Professional ratings
Aggregate scores
| Source | Rating |
| AnyDecentMusic? | 6.6/10 |
| Metacritic | 70/100 |
Review scores
| Source | Rating |
| Allmusic | Star Half star |
| Clash | 8/10 |
| NME | Star |
| Pitchfork | 7.4/10 |
| Rolling Stone | Star Half star |

==Background==
The album features a collection of new and previously unreleased tracks. New tracks featured are the collaborations with Gab3 as well as the solo song "Princess", while previously released tracks include "Cobain" and "Walk Away as the Door Slams" from the mixtape Hellboy, "witchblades" from the EP Castles II which was produced by Bighead, and all three tracks from the EP Goth Angel Sinner. Regular producer and collaborator Bighead has re-release features on the album which in addition to "Witchblades" includes "Liar" as well as the new track "Aquafina" featuring Rich the Kid.

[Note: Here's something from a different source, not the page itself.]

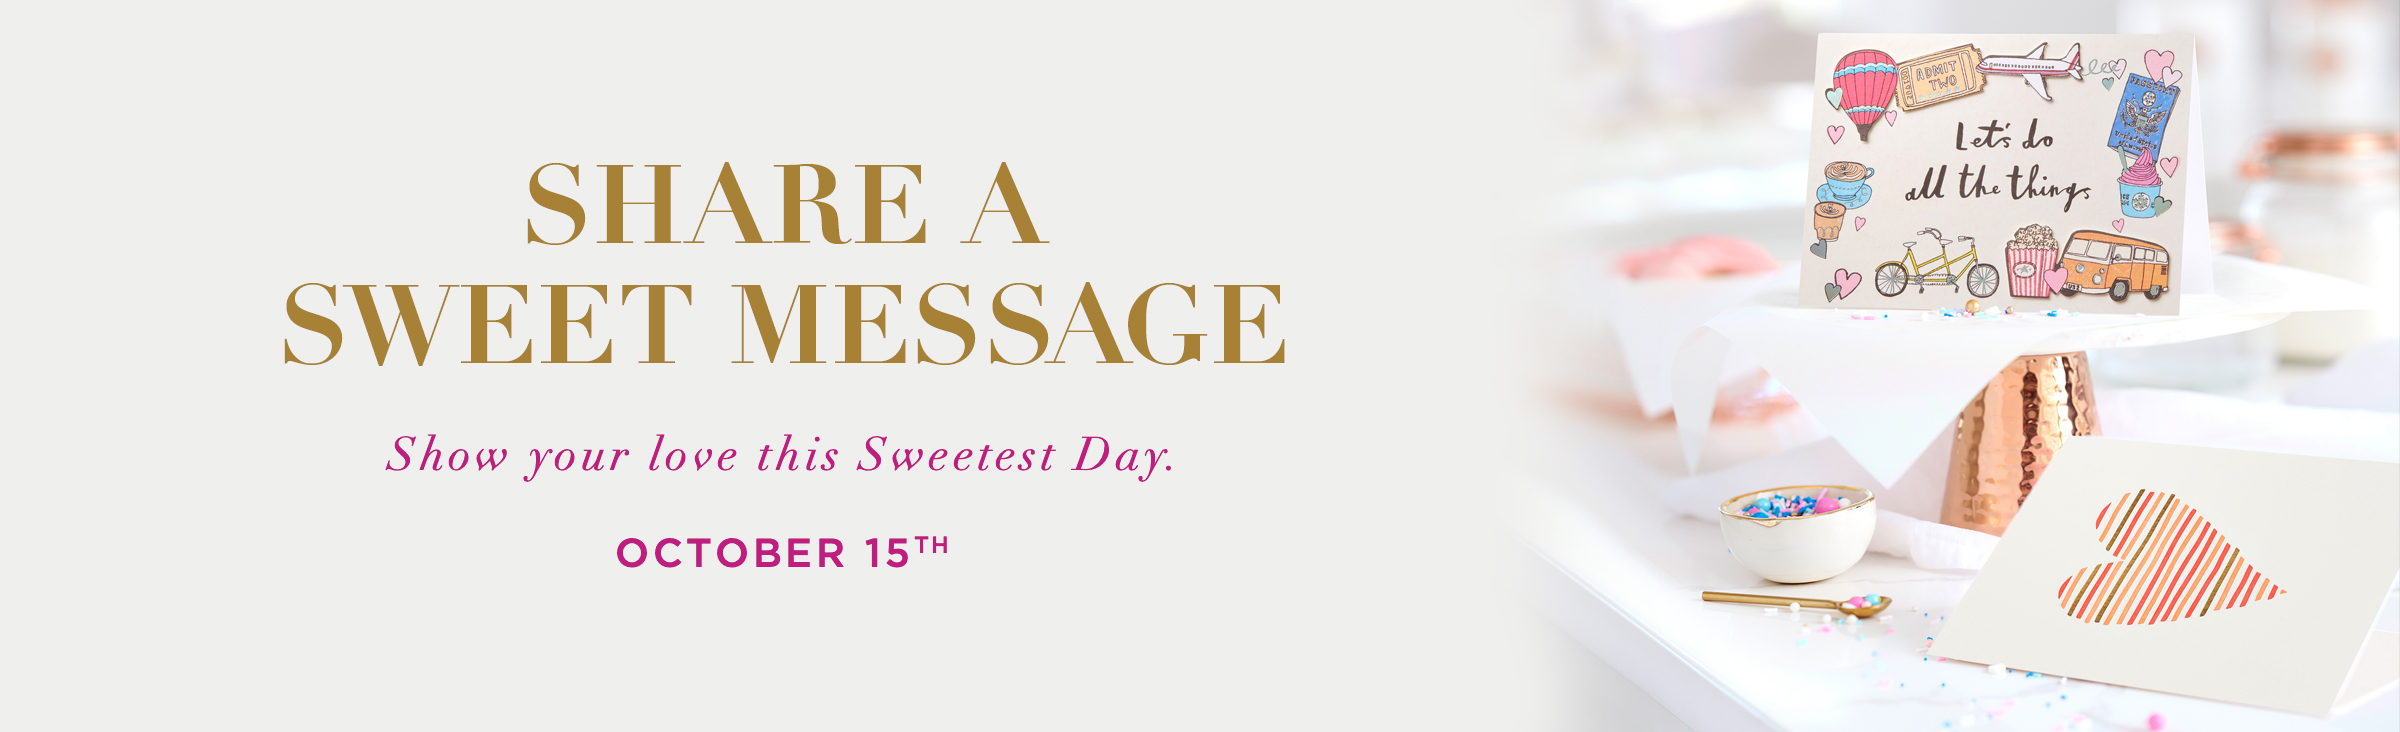 Share A Sweet Message Show Your Love This Sweetest Day

A press release described the album as "a lovingly-curated collection of songs from Lil Peep's career".

==Track listing==

Notes
- "Live Forever" samples "Just a Boy" by Walleater.
- "Ghost Boy" samples "The House" by The Softies.
- "White Tee" samples "Such Great Heights" by The Postal Service.
- "Cobain" samples "Bad News" by Owen.
- "Witchblades" samples "The Real You" by Three Days Grace.
- "Walk Away as the Door Slams" (acoustic) is an acoustic cover of the song from Hellboy, which samples the acoustic version of "155" by +44.

| No. | Title | Producer(s) | Length |
|---|---|---|---|
| 1. | "Liar" | Fish Narc; BigHead; | 2:52 |
| 2. | "Aquafina" (featuring Rich the Kid) | BigHead; Scott Theft; | 3:02 |
| 3. | "Ratchets" (with Lil Tracy and Diplo) | Diplo | 3:12 |
| 4. | "Fangirl" (featuring Gab3) | Fish Narc; BetterOffDead; | 2:06 |
| 5. | "LA to London" (featuring Gab3) | Fish Narc; BetterOffDead; | 3:18 |
| 6. | "Rockstarz" (featuring Gab3) | Fish Narc; BetterOffDead; | 2:18 |
| 7. | "Text Me" (featuring Era) | Era; Bagelboi; Pharaoh Vice; | 2:25 |
| 8. | "Princess" | Jayyeah | 4:10 |
| 9. | "Moving On" | Fish Narc | 3:23 |
| 10. | "Belgium" | Fish Narc | 4:00 |
| 11. | "When I Lie" | Fish Narc | 3:57 |
| 12. | "I've Been Waiting" (original version) (featuring ILoveMakonnen) | IIVI; Brian Lee; Louis Bell; ILoveMakonnen; Brenton Duvall; | 3:54 |
| 13. | "Live Forever" | Brobak | 2:40 |
| 14. | "Ghost Boy" | Rozz Dyliams | 2:10 |
| 15. | "Keep My Coo" | Big Lo$ | 4:26 |
| 16. | "White Tee" (with Lil Tracy) | Nedarb | 2:08 |
| 17. | "Cobain" (with Lil Tracy) | Smokeasac | 2:30 |
| 18. | "Witchblades" (with Lil Tracy) | BigHead; Yung Cortex; | 2:30 |
| 19. | "Walk Away as the Door Slams" (acoustic) (featuring Lil Tracy) | IIVI | 1:58 |
| Total length: |  |  | 57:42 |

==Charts==

| Chart (2019) | Peak position |
|---|---|
| Australian Albums (ARIA) | 55 |
| Austrian Albums (Ö3 Austria) | 50 |
| Belgian Albums (Ultratop Flanders) | 61 |
| Belgian Albums (Ultratop Wallonia) | 167 |
| Canadian Albums (Billboard) | 13 |
| Czech Albums (ČNS IFPI) | 97 |
| Dutch Albums (Album Top 100) | 51 |
| Estonian Albums (IFPI) | 8 |
| Finnish Albums (Suomen virallinen lista) | 36 |
| French Albums (SNEP) | 142 |
| German Albums (Offizielle Top 100) | 94 |
| Irish Albums (IRMA) | 48 |
| Lithuanian Albums (AGATA) | 10 |
| New Zealand Albums (RMNZ) | 27 |
| Norwegian Albums (VG-lista) | 30 |
| Swedish Albums (Sverigetopplistan) | 32 |
| Swiss Albums (Schweizer Hitparade) | 76 |
| UK Albums (OCC) | 63 |
| UK R&B Albums (OCC) | 16 |
| US Billboard 200 | 14 |
| US Top Alternative Albums (Billboard) | 2 |
| US Top R&B/Hip-Hop Albums (Billboard) | 9 |

==Certifications==

Certifications and sales for Everybody's Everything
| Region | Certification | Certified units/sales |
| United Kingdom (BPI) | Gold | 100,000^{‡} |
^{‡} Sales+streaming figures based on certification alone.